И еще. Наш анализ показывает, что Россия подошла к критической черте по качеству инноваций и вложений в научно-исследовательские и опытно-конструкторские разработки (НИОКР). Мы никак не можем занять свое место на современных рынках — прежде всего, в сфере информационных технологий. По темпам цифровизации Россия отстает от передовых стран в 3-4 раза! И в нашем прогнозе мы ставим вопрос ребром: сохранится ли Россия как технологическая держава? Есть большой риск, что из категории передовых стран мы перейдем во второй эшелон и ещё быстрее начнем отставать от мира.
Так или иначе, любой долгосрочный прогноз каждые 2-3 года должен уточняться. Что, кстати, у нас обычно не делается. Концепция долгосрочного развития, принятая в 2008 г., несмотря на кризис 2008-2009 годов, несмотря на рецессию последних лет, не пересматривалась и сейчас действительно безнадежно устарела. Поэтому нам и нужна новая стратегия.

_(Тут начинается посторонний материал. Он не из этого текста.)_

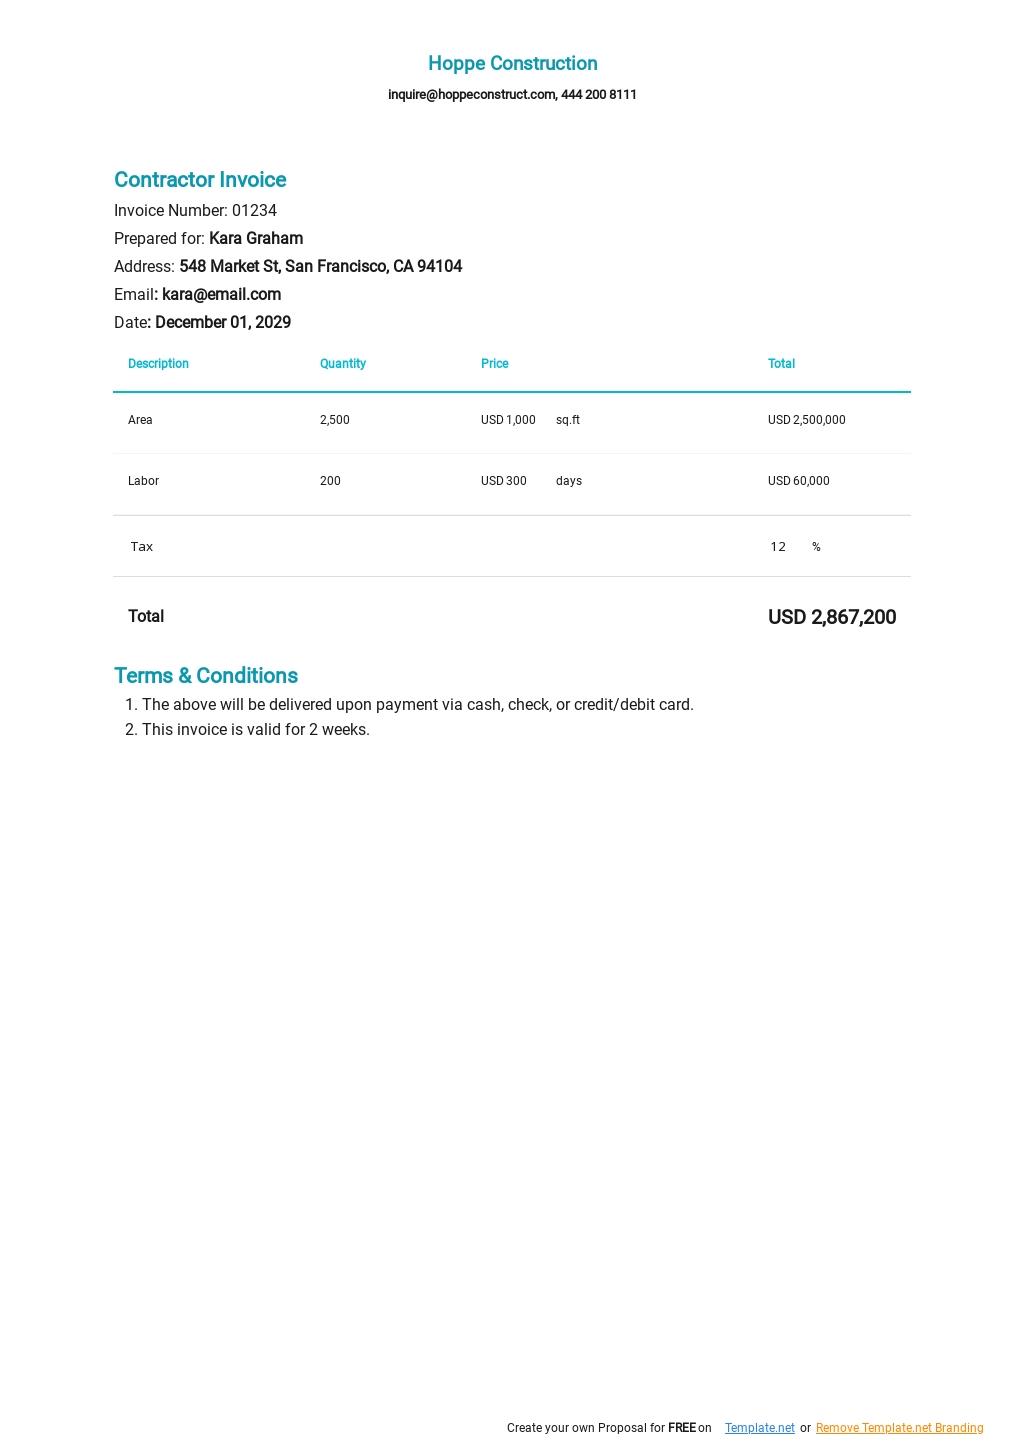 Contractor Invoice Template.jpe

Повышение пенсионного возраста — мера не просто необходимая. Она увязывается с ростом продолжительности жизни, с увеличением периода активной жизни примерно на 10 лет.
— Вы упомянули про увеличение числа пенсионеров. Известно, что вы сторонник повышения пенсионного возраста. Неужели других ресурсов, чтобы платить старикам хотя бы нынешнюю скромную пенсию, не осталось?

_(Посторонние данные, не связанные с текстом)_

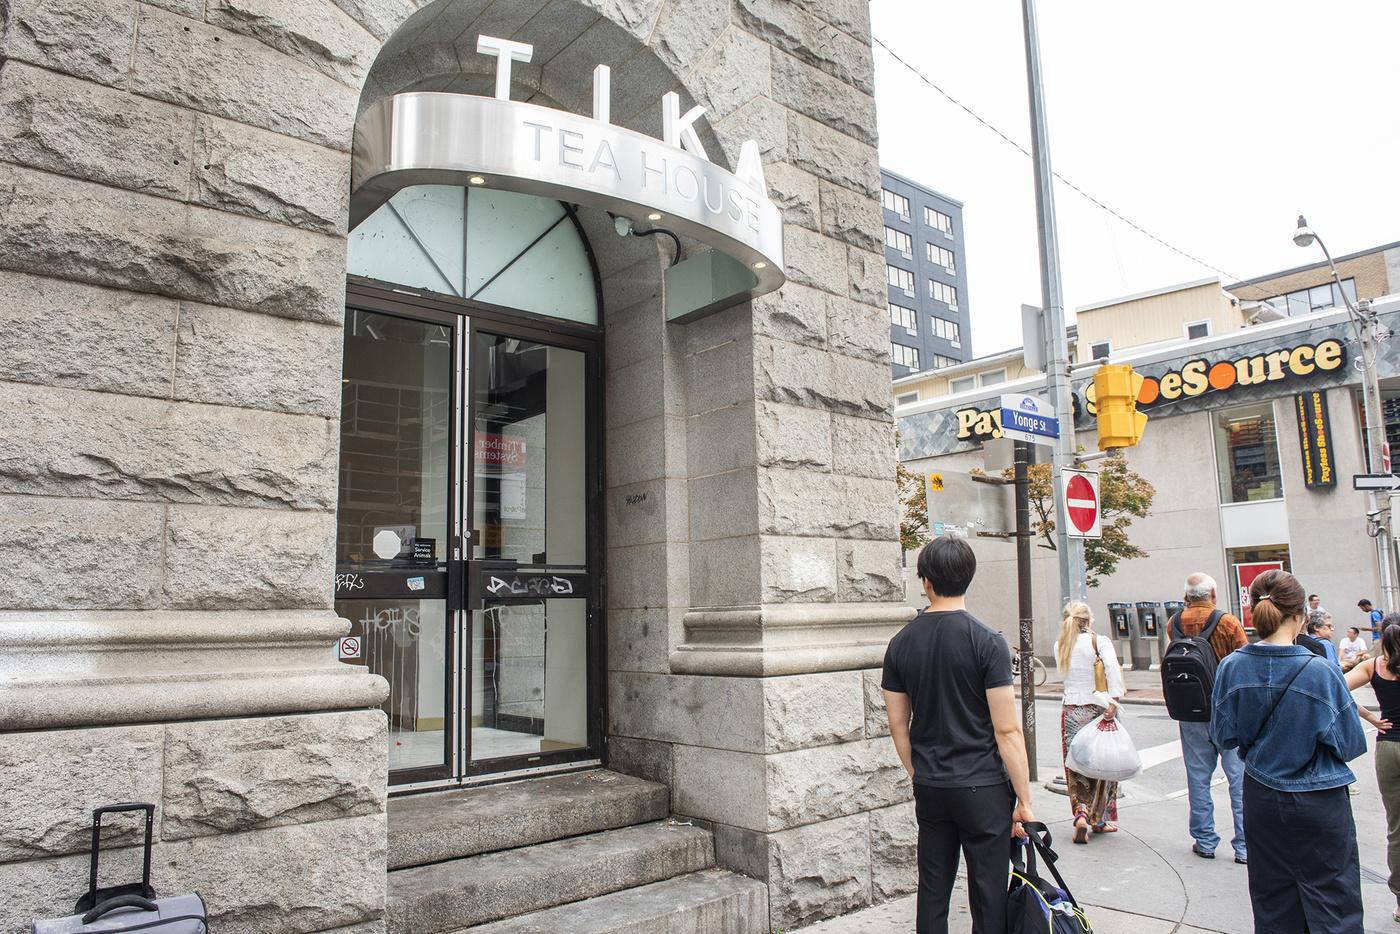 Tika Toronto

— Скажу прямо: да, не осталось. Смотрите, в 2016 г. государство впервые нарушило свои обязательства и не провело индексацию пенсий для всех пенсионеров. Однократная выплата в размере 5000 руб. не компенсировала то, что люди недополучили. Сейчас обсуждается ограничение выплат работающим пенсионерам. Это всё — следствие дефицита средств в Пенсионном фонде. Можно ли закрыть дыру за счет других источников — например, повышения налогов? Нет. Сравните масштабы трат: за последние 7 лет расходы на пенсии выросли на 3% ВВП. В нынешних ценах это примерно 2,5 трлн рублей в год — почти столько же, сколько мы тратим на всё образование в стране. Получается, чтобы платить даже нынешние пенсии, нам нужно отказаться от инвестиций в образование, медицину, строительство новых дорог, будущее наших детей.

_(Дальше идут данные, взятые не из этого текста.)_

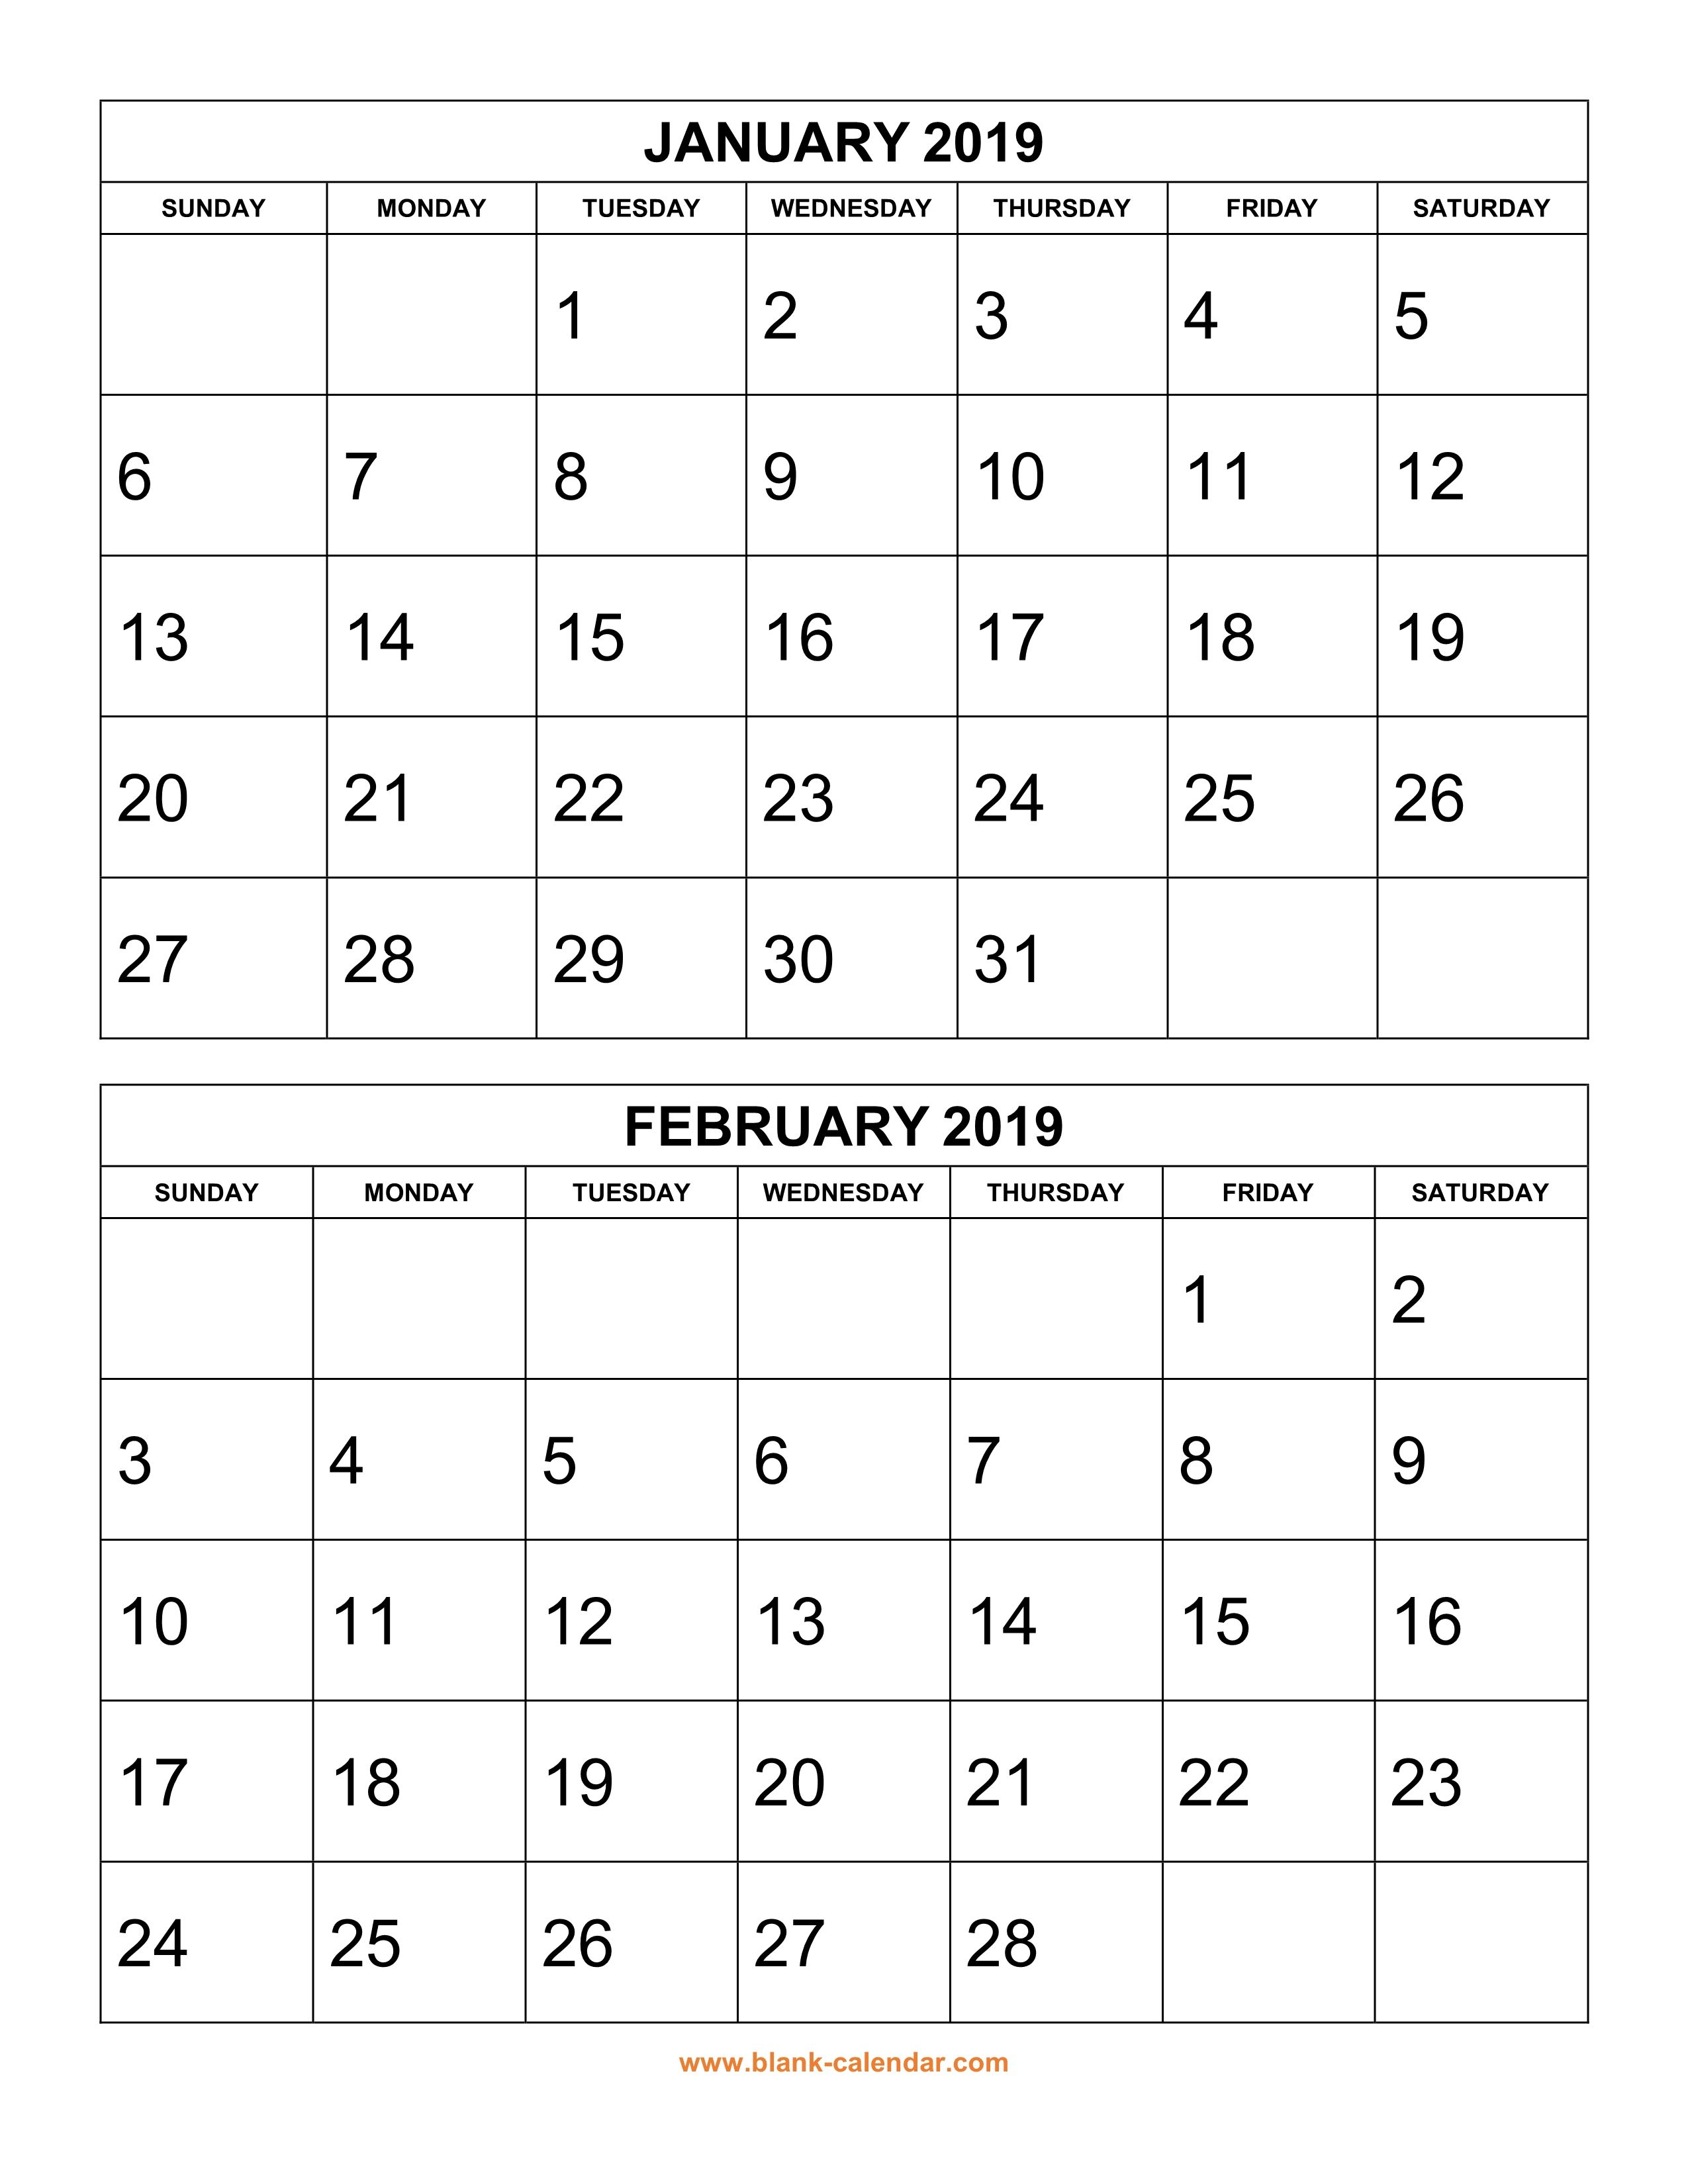 Pinjamie Hanks On Preschool | Blank Monthly Calendar

Между тем, уже все страны бывшего Советского Союза повысили пенсионный возраст, кроме двух — нас и Узбекистана. В 2017 г., например, это сделала Белоруссия. Повышение пенсионного возраста — мера не просто необходимая. Она увязывается с ростом продолжительности жизни, с увеличением периода активной жизни примерно на 10 лет. Сегодня человек в 60 лет чувствует себя так же, как раньше в 50. Многие мои ровесницы обижены самим названием — «пенсия по старости». Ну, какая это старость?! А главное, я хочу подчеркнуть — повышение пенсионного возраста выгодно прежде всего самим пенсионерам. Поработав лишние 2-3 года, они получат более высокую пенсию. Сейчас человек в среднем получает 34% от той зарплаты, которую имел до выхода на пенсию. В мире считается, что государство должно обеспечивать 40% прежнего заработка, а еще 20-30% человек должен накопить за свою трудовую жизнь сам. Поэтому наши 34% — это очень мало. Выход на пенсию сейчас означает резкое — в три раза — снижение качества жизни. Это такая «жесткая посадка» для человека, который выходит на пенсию. А если не повысить пенсионный возраст, то даже этот уровень мы не удержим и сможем платить людям лишь 25-27% от заработка.
Меня в последнее время критикуют, что я «полевел», но я действительно считаю, что с бедностью в нашей стране надо начать бороться по-настоящему. Уверен, что за 6 лет уровень бедности в целом можно снизить на 25%, а в семьях — на 40%.
Пособия надо платить нуждающимся
— Самое ужасное, что в разряд бедных у нас порой попадают даже работающие. По подсчетам Росстата, доходы ниже прожиточного минимума имеют 22 млн человек — 15% населения. Почему так много — в такой богатой ресурсами стране?
— Мы в Стратегии прямо говорим о том, что уровень бедности для России — чрезмерный, в стране с таким уровнем развития не должно быть столько бедных.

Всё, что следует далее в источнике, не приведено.